When looking back on my own life, I think that I have a four-person gang to offer my unremitted appreciation when it comes to molding me into the biographer I am today. Sure, I know that when every biographer is asked, “Who do you see as your mentor?” or “Whose work got you into writing?” and so on, they usually come up with the standard answers: Thucydides, Dame Edith Sitwell, Samuel Pepys, and Doris Kearns Goodwin. (One time I asked Abby what she thought of Pepys, and she said to me, “They’re all right, but I like traditional Hershey’s Robin Eggs better.”) Anyway, whenever someone should ever ask me what got me into writing about real things that happened, like I pointed out to the best of my ability in No Cover Available: The Story of Columbus Choice, African-American Sushi Chef from Tennessee, I only have to offer this as an answer: The Inventors of the View-Master—Fred and Ed Mayer, plus Harold Graves and William Gruber. I’m sure that they’re all dead by now, but I want to thank them for offering me the opportunity growing up to see vivid, lifelike, 3-D images of places like the Great Pyramids, the Eiffel Tower, Big Ben, Stonehenge, Carlsbad Caverns, the Grand Canyon, and comedienne Lucille Ball. It’s all cause and effect, I suppose. My parents didn’t want to buy a television, so they got me a View-Master. I looked at these places far, far away from my home in South Carolina and knew that I wanted to go places. So I took up punting a football. And then I excelled at Forty-Five High School and got a scholarship to Vanderbilt University. And then I shanked too many fourth down punts for something like a twelve-yard average and got released from the team, and then I studied history, and then I got the opportunity to do one of those stud
y abroad programs in Egypt, France, England, New Mexico, Arizona, and Hollywood.
And then my parents said to me, “Why should we pay good money for you to study in Egypt, France, England, New Mexico, Arizona, or Hollywood after we went out and bought you that View-Master 3-D stereogram systems so you could see all of those places already?” So I stayed at Vanderbilt and took more history classes, and through what can only be called a fortuitous, serendipitous event, sat in my third-favorite history professor’s office one day when he said to me, “Damn, son, why don’t you go hang out with Columbus Choice for a while,” like that—meaning, “Why don’t you go kill yourself?” I guess.

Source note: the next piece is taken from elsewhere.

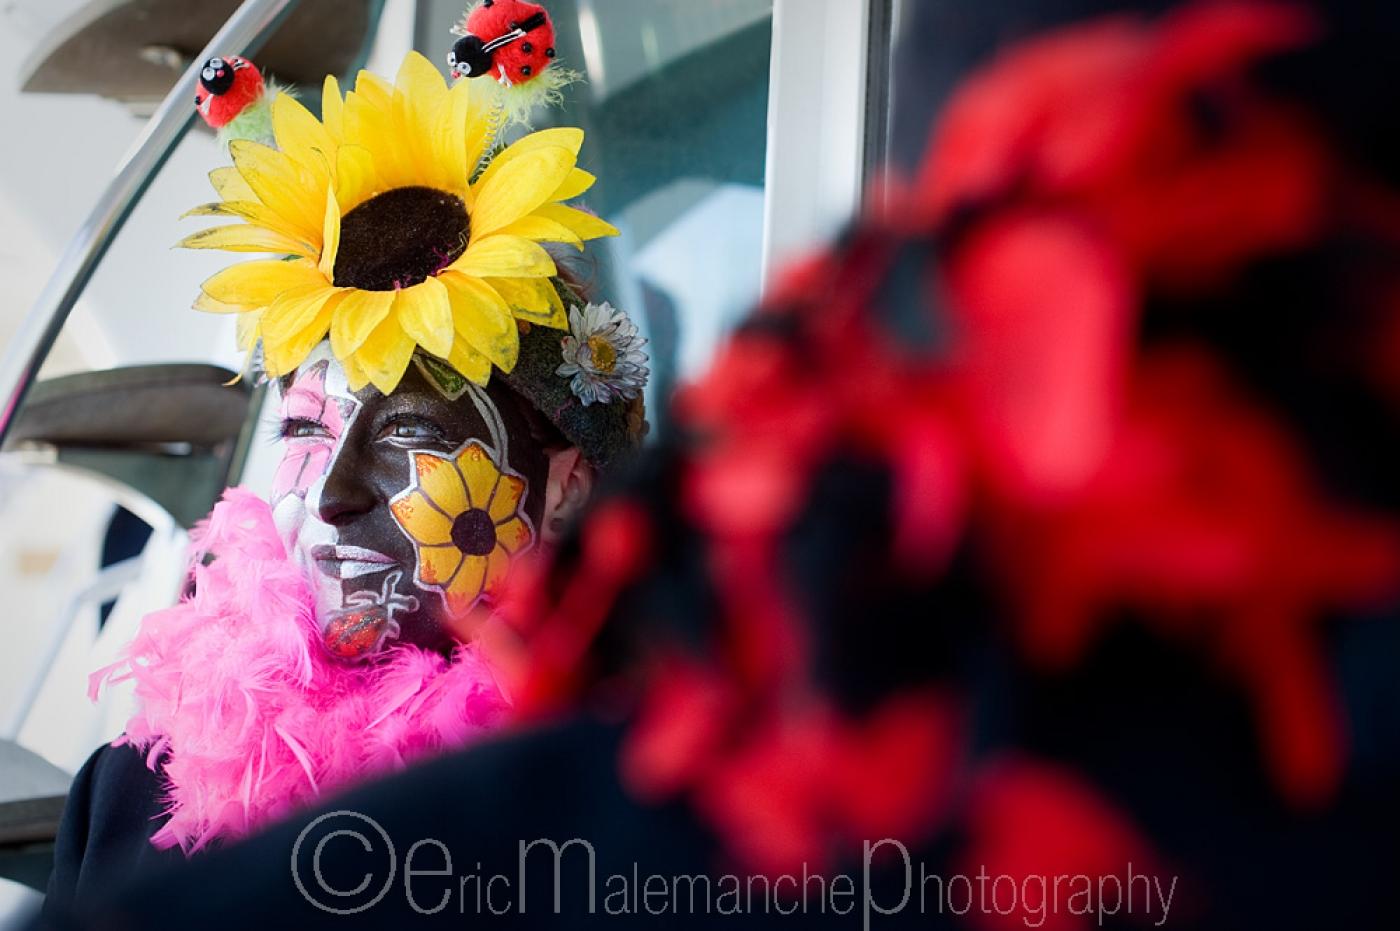 http://www.ericmalemanche.com/imagess/topics/carnaval-de-dunkerque/liste/Carnaval-Dunkerque-1220.jpg

Well I didn’t know who the hell Columbus Choice was at the time. And of course I wanted to impress my third-favorite history professor. So I went and looked things up on the microfiche and on the microfilm and in the newspapers stacked up in a back room of the Jean and Alexander Heard Library—I need to thank those folks, too—because this was a time before the Internet.
Goddamn! I thought. Goddamn, this guy Columbus Choice was a black man who owned a sushi place and he got hanged, stabbed, and shot all on the same day by Sid and Jack Plemmons. I thought, Why has this not been on the national news? I thought, Will my first- and second-favorite history professors be upset with me because I don’t wish to continue ongoing research on the lives of Wendell Lewis Wilkie and William Jennings Bryan?
I didn’t think at the time, Right about now a baby named Juanita Wilkins is being born, and later on she will be in my History 101 course at Tennessee Valley Community College, and she will accuse me of offering her a grade for sex after she said the N word in a class made up fifty-fifty of black and white “students,” and then she will become a phlebotomist in the Harriman/Oak Ridge area, and then maybe she and I will have a little bit of a relationship that will help me forget Abby.